Ну вот, опять — я, я, я! Временами тошнит от бесконечного «я». Прислушаешься, что вокруг звучит — я, я, я. Им что-нибудь рассказывают, а они только ждут, когда рассказ кончится, чтобы взяться за свое: «а вот я», «а вот мне», «а вот у меня». Такова и ваша покорная слуга, беглая рабыня. А между прочим, душа не всегда хочет «я», она нередко страждет по «нему». Соединится с «ним», чтоб не было ни «я», ни «он», чтоб что-то новое возникло, без названия, без слова. Не так ли?

Ее замечают. Сенсация. Все поняли, что это та, о которой столько было сказано сегодня, из-за которой весь сыр-бор разгорелся. Бросаются. Фэймос впереди на правах старого родственника.

ФЭЙМОС.

  • Я знал, что ты вернешься, девство!
  • Европа, свет мне свой прольешь!
  • К усталому в бесмертье Зевсу
  • Спиною нежною прильнешь!

КАКАША. Дайте мне бокал шампанского. О, я вижу, вы люди со вкусом, пьете «Татинже»! Дайте сигарету. Ну а теперь говорите, где он? Кто он? Вы прекрасно знаете, что я ищу только одного — Славку Горелика, и интуиция мне подсказывает, что он где-то здесь. Ну почему же все замялись, и вы, мой Зевс? А почему я не вижу в благородном обществе моих мужей? Не притворяйтесь, ведь вы же все знаете про нас. Вы знаете, что я Какаша.
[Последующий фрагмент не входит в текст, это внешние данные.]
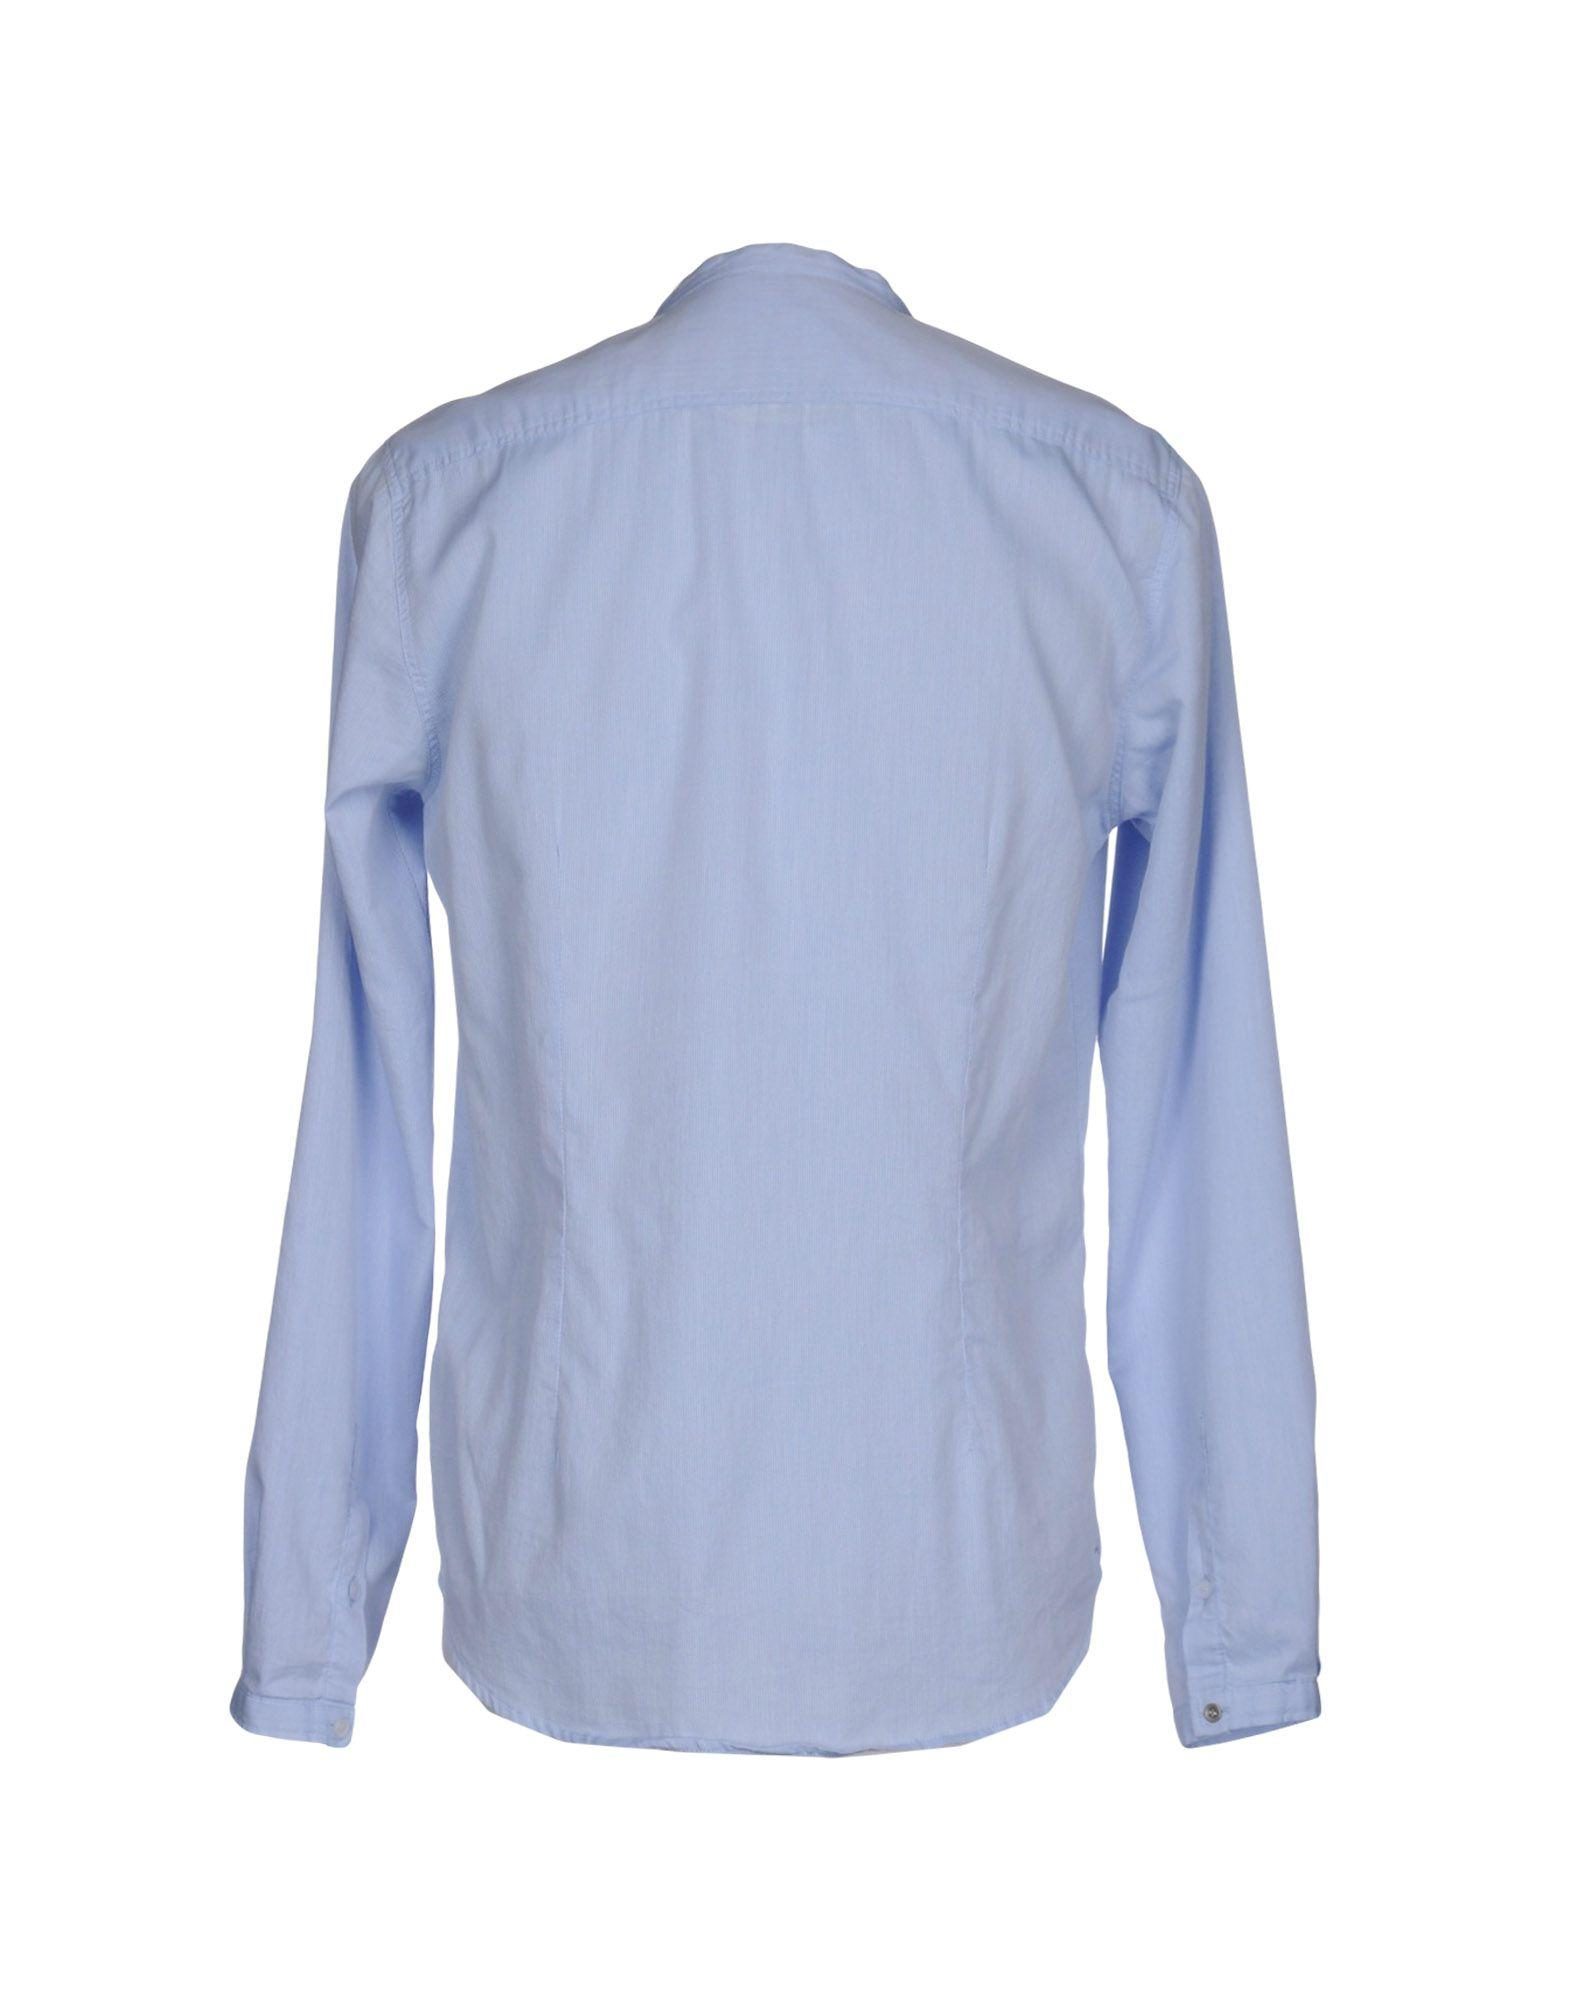 Officina 36 Shirt In Blue For Men Lyst

ЛИЛИ (с высокомерной светскостью). Кстати, душка, почему у вас такое странное прозвище?

КАКАША. Да это просто детские глупости. Наташа-Какаша.

ЛИЛИ (ядовито). А может быть, что-нибудь фрейдистское?

СОФИ. Тетя Лида, вы, кажется, попали и цель. Жертва вздрогнула!

ЛИЛИ. Какая я тебе тетя Лида, нимфоманка несчастная?

МИМИ (подходит к Какаше, словно кавалер). Не слушайте этих глупышек, милочка. Давайте потанцуем. (Подхватывает и кружит Какашу).

Вальс «Домино». Сомовские мизансцены и позы.

СОФИ (танцует рядом с Какашей). Я тебя ненавижу, сучка! (Мамму). Вот кто настоящая психическая — она и Славку заразила, они оба из одного дурдома сбежали.

МАММ (деловито). Значит, из России в Америку?

КАКАША. Мими, вы слышали — здесь произнесли его имя! Я знала, он здесь! Сейчас появится своей такой походочкой. Ой, умираю.

МИМИ. Напрасно вы, милочка, так волнуетесь из-за мужчин. Они все прохвосты, и ваш Слава не исключение. Расскажите мне что-нибудь из вашего опыта, ведь он у вас, наверное, богат.

КАКАША. Я вижу, вы мой друг, поэтому расскажу забавную историю. Однажды я плыла через Атлантический океан на пароходе «Куин Элизабет Ту». Изображала из себя одинокую путешественницу. Постоянно ловила на себе романтические взгляды. Сергунчик, мой пимп, подпустил цену: десять тысяч баксов за встречу. Представьте себе, платили! Ха-ха-ха-ха-ха-ха-ха-ха-ха-ха-ха-ха-хах! Ой, я так волнуюсь!

МИМИ. Какая дивная история! Как я жалею, что со мной такого не случилось, хотя бы на «Титанике». Да не волнуйтесь вы, моя дорогая, ведь все они таковы.

В роще приближается решающий момент. Воронцов и Горелик встают к барьеру. Олада вынимает бутылку «Жириновского».

ОЛАДА. Ну давай, братва, обогреемся «жириком» напоследок.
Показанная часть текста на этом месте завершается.